有什么開始變得不妙了起來。
有姝把玩著手里的手提電話。
眉目之間盡是沉郁。
最近一個月,她馬上就要去新的學校報道,但這一個月里,阿敖一直沒有同她見面約會,只是通過幾次電話,并且每次通話,他都十分克制,說不清楚是克制情侶之間的小情趣,還是克制自己不要靠近她。
但是有姝做事,從來都不把事情往好處想。
人生太多際遇,于她于阿哥們來說,從來都不是老天爺給的好處,痛苦總在獎勵前面。
她更傾向于邱剛敖發現了她的身份。
這個男仔,恐怕還在痛苦糾結中翻騰,但他最終將會擺脫一切桎梏,離她而去。
男人總是這樣,愛美人,更愛江山。
一滴落淚打在電話上,順著機殼表面一路向下蜿蜒,最后浸沒在衣衫布料之中不見蹤影。
“收到線人消息,疑似碼頭拋尸案的兇犯出現一起出發”
“yes,sir”
所有差人立馬站起來,步履匆忙堅定果決的往外走
邱剛敖臉色有些發白,他步伐堅定的跟在張崇邦的身后,行動中,身上皺巴巴的灰黑色外套隨勁風揚起,劃出一道冷冽的弧線。
一班差人跳進車里,當最后一個人的最后一只腳剛剛離開地面,還未收回坐穩,汽車便以如同離弦之箭沖飛出去
嘭的一聲,那是車門關閉的聲音
匆忙趕到現場的探員們緊急布控,事發突然且線人給的消息有效期短之又短,差人們只能盡力而為,務必抓到了
邱剛敖同張崇邦一起在高點篩查人群,短短幾個月里,他做出來的成績讓人刮目相看,邱剛敖做事,已經讓人心服口服了。
“阿敖,有心事”坐在高處盯著樓下的張崇邦飲了一口手里的咖啡,目光炯炯似虎。
“”邱剛敖撇了撇腦袋,嘴角苦澀向下,抿緊嘴巴。
“事業呢蒸蒸日上感情上出事”張崇邦短促的回頭看了一眼,似乎是被邱剛敖苦大仇深的表情驚到,又愕然回頭盯了一眼。

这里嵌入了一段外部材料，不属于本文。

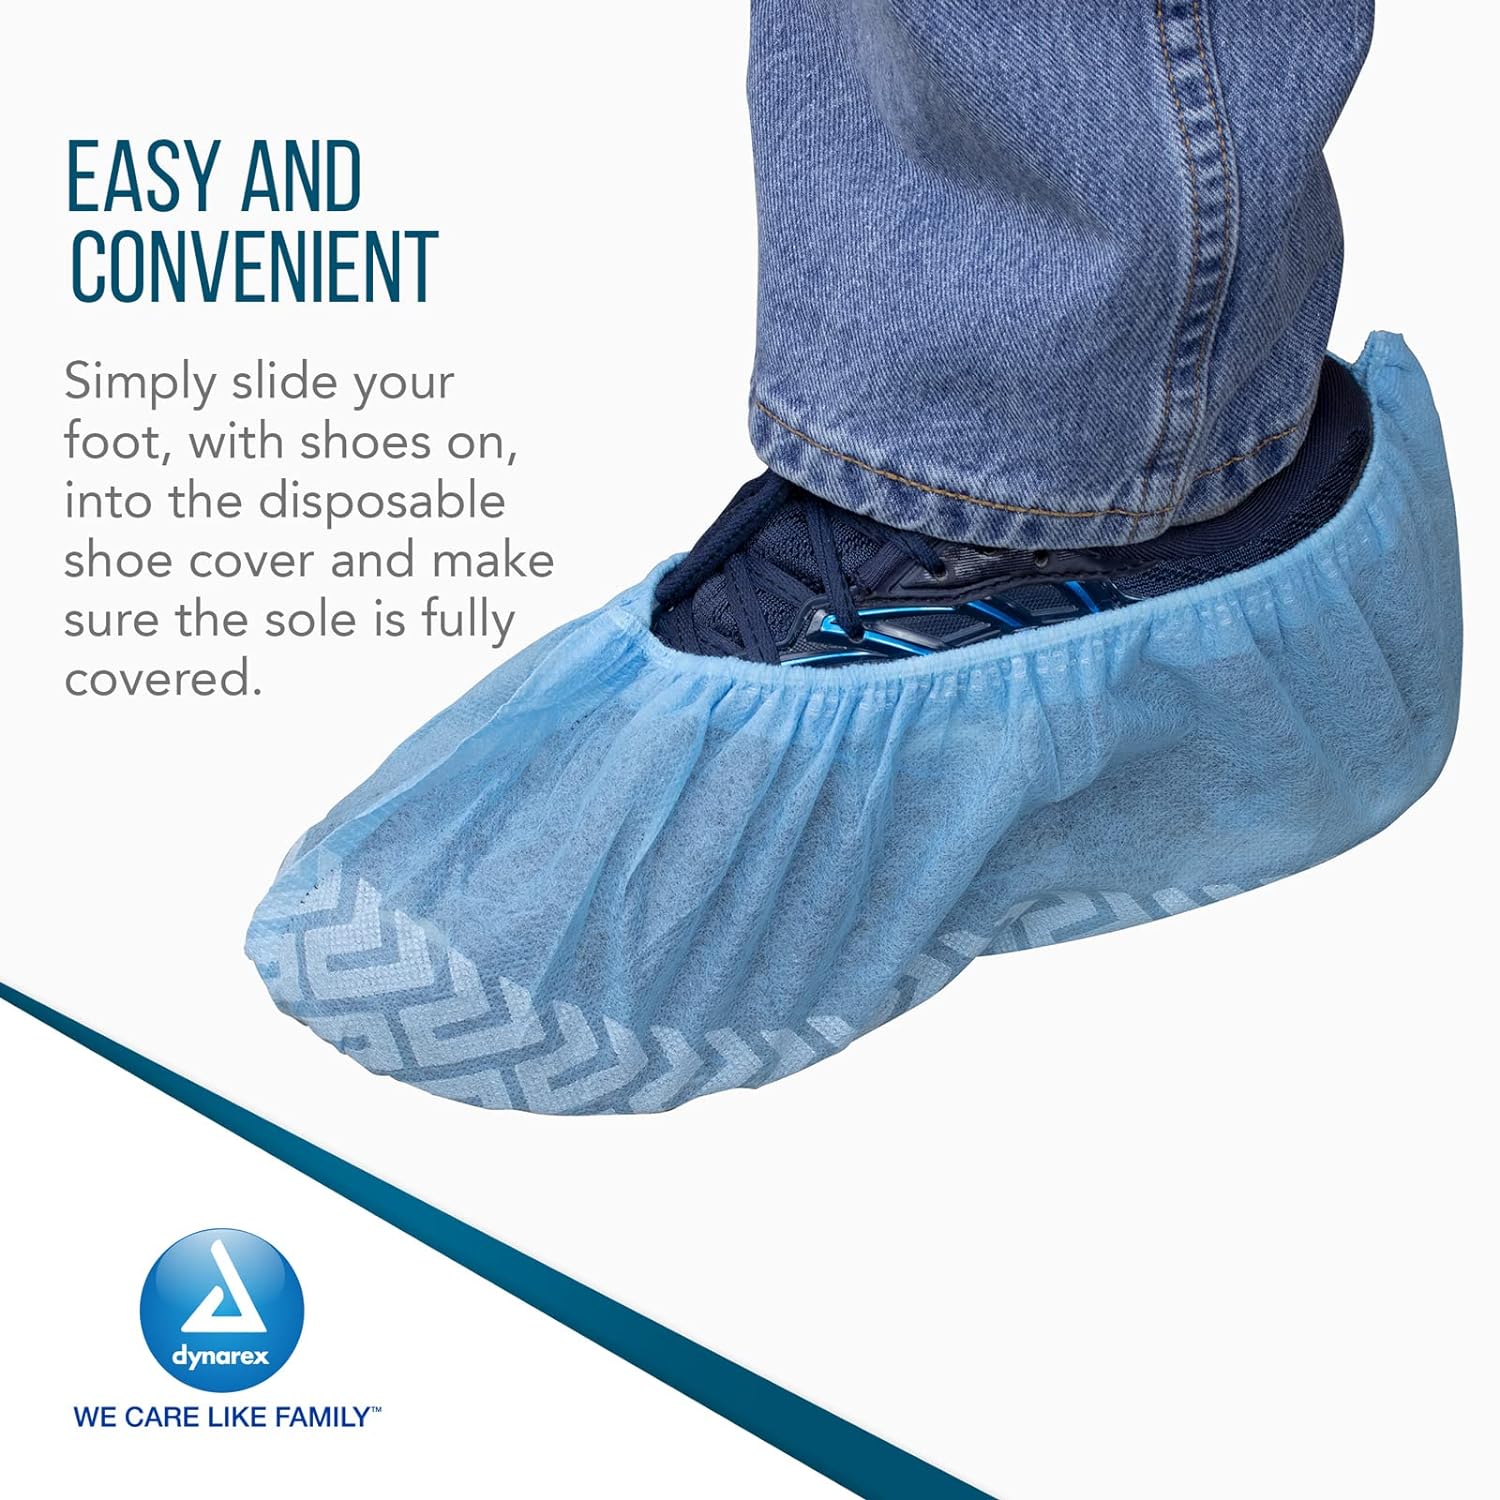 Dynarex Disposable Shoe Cover, Universal Size, Non-Conductive, have Sewn Seams with Elastic Opening and Fits Most Shoes, Blue, 1 Box of 150 pairs
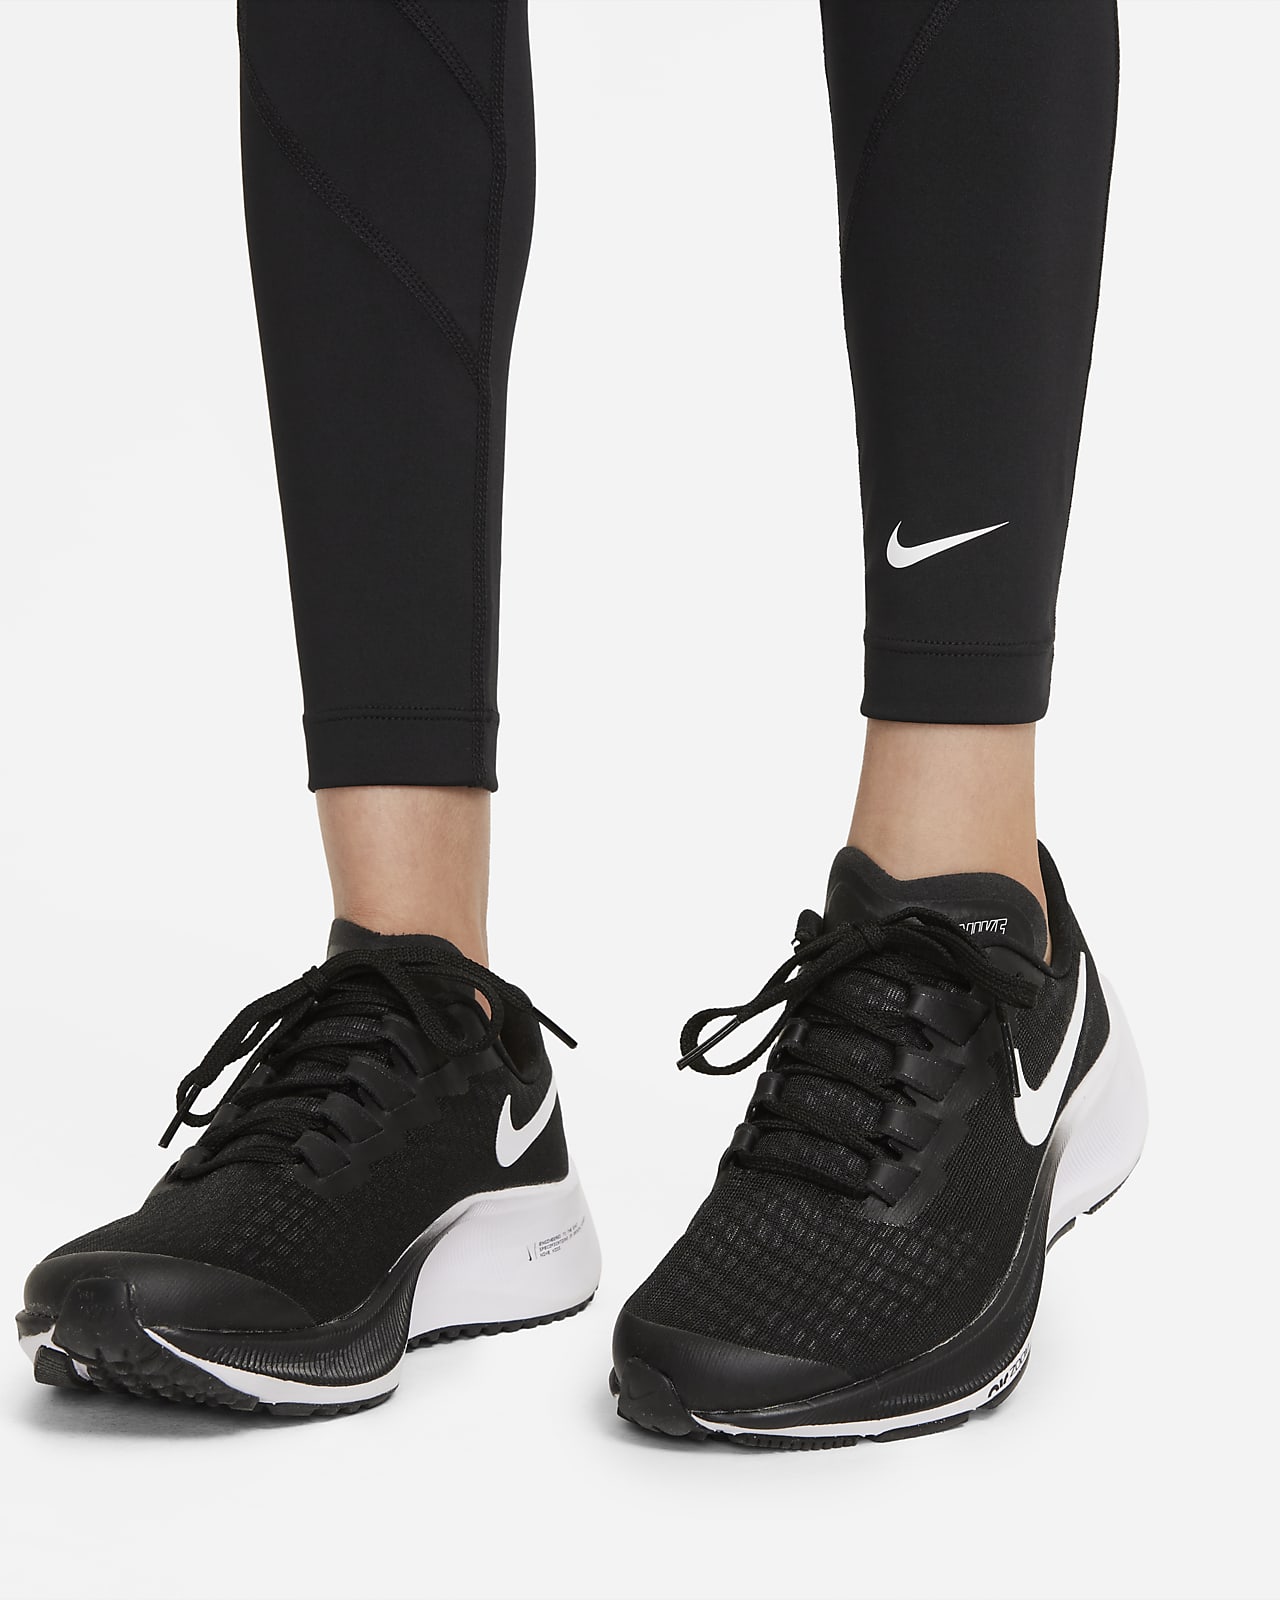 Legíny Nike Dry-Fit One Luxe Jr DD8015 010

“什么都瞞不過邦主你。”邱剛敖握著咖啡聳了聳肩,勉強勾嘴笑了一下。
“女仔嘛,遷就一下咯。”張崇邦低聲含糊的安慰,目光依舊落在街道上。
邱剛敖伸出兩指抵住玻璃窗戶,讓它稍稍打開一點,也跟著往外警惕張望。
“好難啊。”邱剛敖低聲同自己講道,心中的苦澀與痛苦越加翻騰,隨時都要涌到喉嚨,嗆得他鼻頭發酸。
街面上人潮洶涌,來往之間更是人與人之間的交錯重疊。
但有時再多的人在一個人眼中也只是個背景,當他日思夜念的人出現在視野中時,時間與喧囂都在這一瞬間停止。
女仔站在街頭檐下,她穿著紅到妖冶的裙子,激烈的紅與白在她身上得到極致對比,她今日化了精致的妝容,不同以往的烈焰紅唇,讓她一向干凈純澈的模樣都有了翻天覆地的改變。
像是一個脫了人皮的妖精,肆無忌憚,勾魂攝魄。
“好靚啊。”就連邦主都被吸引目光“現在女仔陳有姝”
陳有姝,銅鑼灣渣fit人陳浩南細妹。
有姝站在街頭三個小時。
她知道邱剛敖正在忙,也知道這家伙在躲著她,所以她只能用這種愚蠢的辦法,在人群中讓他一眼就能望見她。
街邊夕陽變紅,給過往的人群鍍上一層顏色,有姝歪了歪酸疼的腳,疲憊的倚靠在欄桿扶手上。
她賭邱剛敖還會心疼她。
人群漸漸稀少,直到一只粗糙的手抓扶她的手。